15. The Assembly recommends that the Committee of Ministers:
i carry out a survey to ascertain which of the social rights guaranteed by the constitutions of member states, and considered as enforceable by national courts, might be added to the rights protected by the provisions of the European Convention on Human Rights;
ii carry out a survey to ascertain which of the rights guaranteed by the European Social Charter and the revised European Social Charter could be considered enforceable and be added to the rights protected by the provisions of the European Convention on Human Rights;
iii consult the European Court of Human Rights in order to ascertain which of the social rights could be considered as already guaranteed by the Convention, in the light of its case-law;
iv draft an additional protocol to the European Convention on Human Rights, on the basis of the above-mentioned surveys, with a view to guaranteeing as a first stage some of the following rights
a Protection of basic needs
  • the right to housing;
  • the right to basic social and medical assistance;
  • the right to a minimum income;
b Protection in the work environment
  • the right to fair remuneration;
  • the right to receive regularly and on time wages, pensions and social allowances;
  • the right to fair and satisfactory working conditions which preserve human dignity (including the right to reasonable working hours, to annual paid leave, to public holidays with pay and to a weekly rest period);
  • the right to safe and healthy working conditions and to protection from unhealthy and dangerous work;
  • the right to appropriate vocational training;
  • the right to specific protection in the event of termination of employment (minimum period of notice of dismissal, right of workers dismissed for reasons other than misconduct to minimum compensation, prohibition of dismissal and of termination of employment on arbitrary grounds);
  • the right of employed women, whether salaried or self-employed, as mothers or pregnant women, to protection;
  • prohibition of work by children who have not yet reached the school-leaving age;
  • the right to integration in the world of work of persons with disabilities;
  • the right to protection from sexual harassment in the workplace.

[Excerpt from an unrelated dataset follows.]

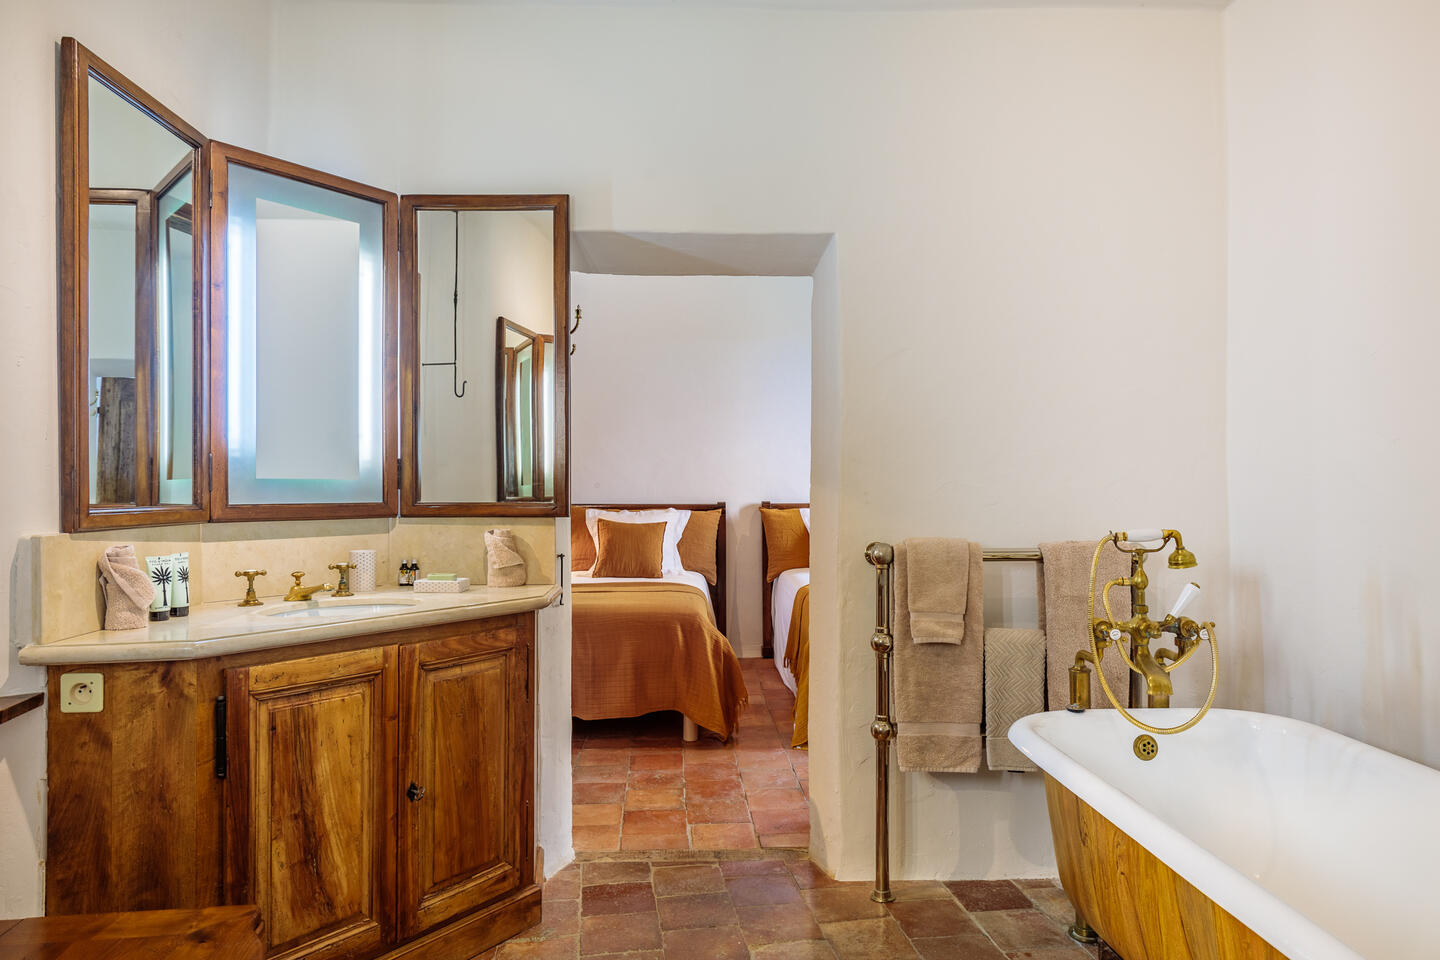 96 - Domaine de Luberon: Villa: Bathroom

16. The Assembly, recognising that this is an ambitious and difficult undertaking, is of the opinion that a progressive approach is required, and that the legal enforceability of all these rights should constitute a long-term objective.
17. Moreover the Assembly takes note that the Committee of Ministers, in the Declaration on the occasion of the 50th Anniversary of the Universal Declaration of Human Rights, agreed to "finalise as soon as possible the text of a legally binding instrument providing for the prohibition of discrimination in all its forms".
18. It recalls that it has repeatedly urged the Committee of Ministers to elaborate an additional protocol to the European Convention on Human Rights strengthening the non-discrimination clause of Article 14. It underlines that numerous social rights are related to equality. A draft protocol could therefore deal with a number of social rights, such as non-discrimination in respect of access to health care and social services, equal treatment at work and equal remuneration, in particular between men and woman, or non-discrimination in respect of access to social housing.